В общем, дела пошли. Андрей оказался начальником не самым занудным и пижонистым. Все темы – и противные (всякие там политучёбы да соцсоревнования), и нормальные – делили мы пополам. Единственное: литературную полосу он старался делать сам, единолично. Вернее, тут он дрался не на жизнь, а на смерть с Филькиным, который, во-первых, завистливо недолюбливал Волчкова, а во-вторых, почему-то считал самого себя оченно большущим спецом в литературе, да и сам пописывал графоманские рассказики для детей под Бианки и Пришвина. Наивысшим достижением в изящной словесности ответсек почитал социалистический реализм.

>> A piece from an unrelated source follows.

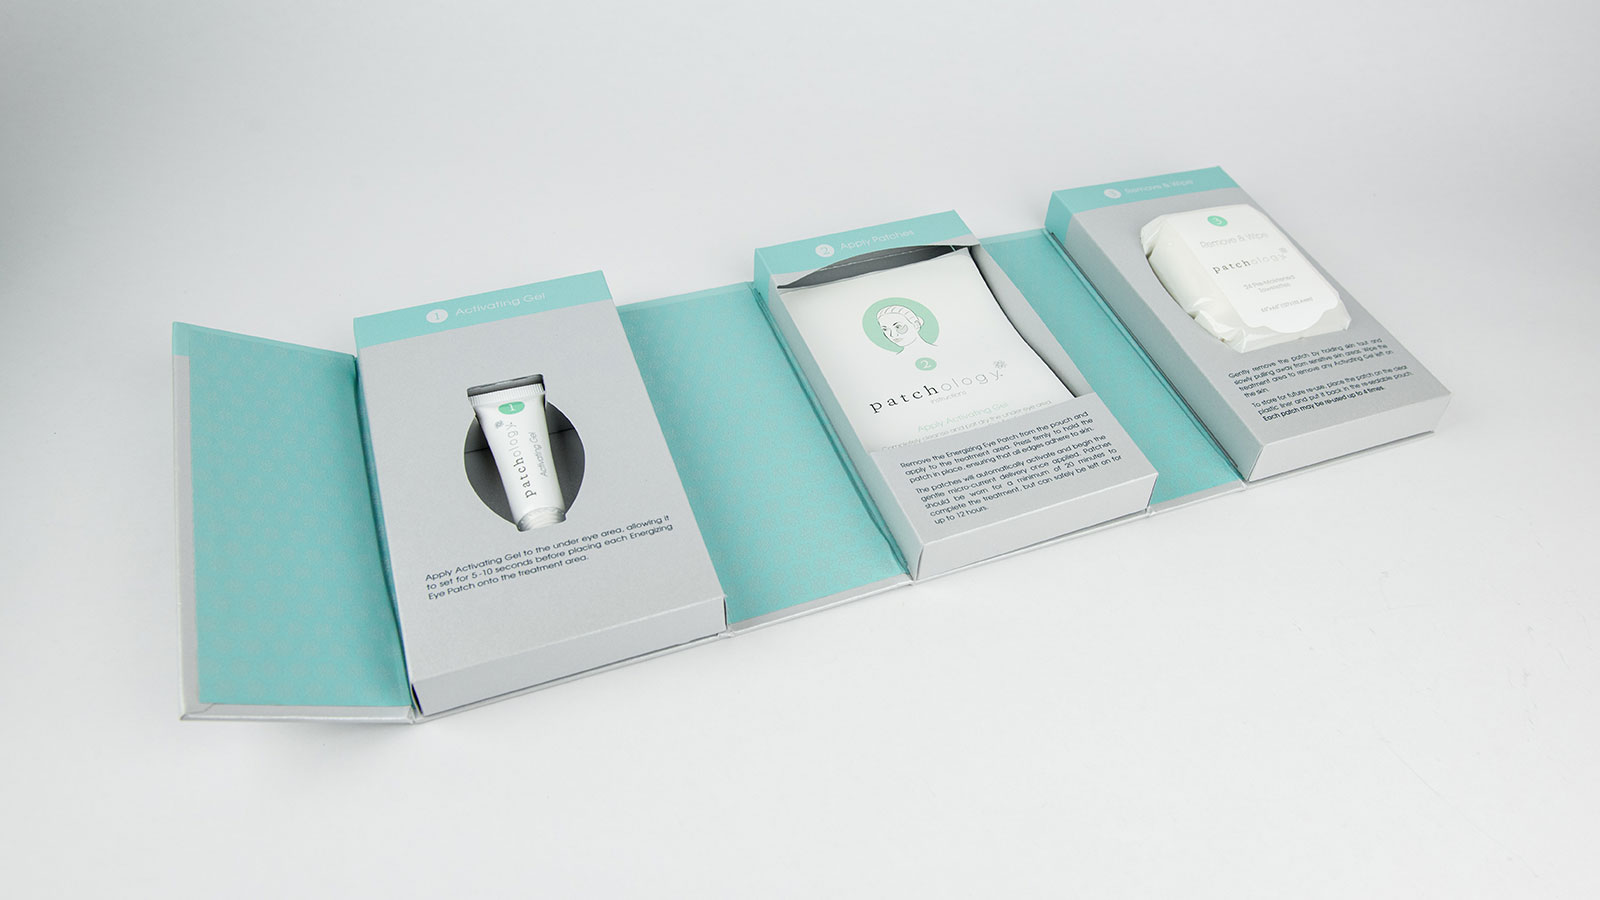 Patchology Packaging Fold Out Box Design

В результате борьбы Волчкова с Филькиным выходили в свет дикие литполосы «Комсомольского вымпела»: половину заполняли рыбацко-охотничьи байки, дебильные рассказы о счастливых колхозниках да стишата о комсомольском билете; другую – запредельные творения членов литобъединения «Колледж абракадабры», который тогда только ещё создавал и пестовал Андрей Волчков. Я в эту битву двух чокнутых по-своему литгигантов редакционных пока не вмешивался, не встревал. И, уж само собой, стихи свои в газету не предлагал: они были далеки и от шизоавангарда, и уж вовсе ни с какой стороны не лепились к агитной комсомольско-партийной поэзии.
Коллектив «Флажка» оказался не особо-то дружным: сидели по углам, отписывались, соцсоревновались, в душу друг другу не лезли. Имелись и весьма любопытные особи. Например, отдел комсомольских будней возглавлял реликт, уникум – Шестёркин Моисей Яковлевич. Видимо, в истории областной комсомольской печати страны он был единственным, кто досидел в молодёжке до пенсии. Про него с Филькиным ходила едкая подколка: будто, мол, сорокалетний Федосей Моисеевич есть родный, но внебрачный сын Моисея Яковлевича.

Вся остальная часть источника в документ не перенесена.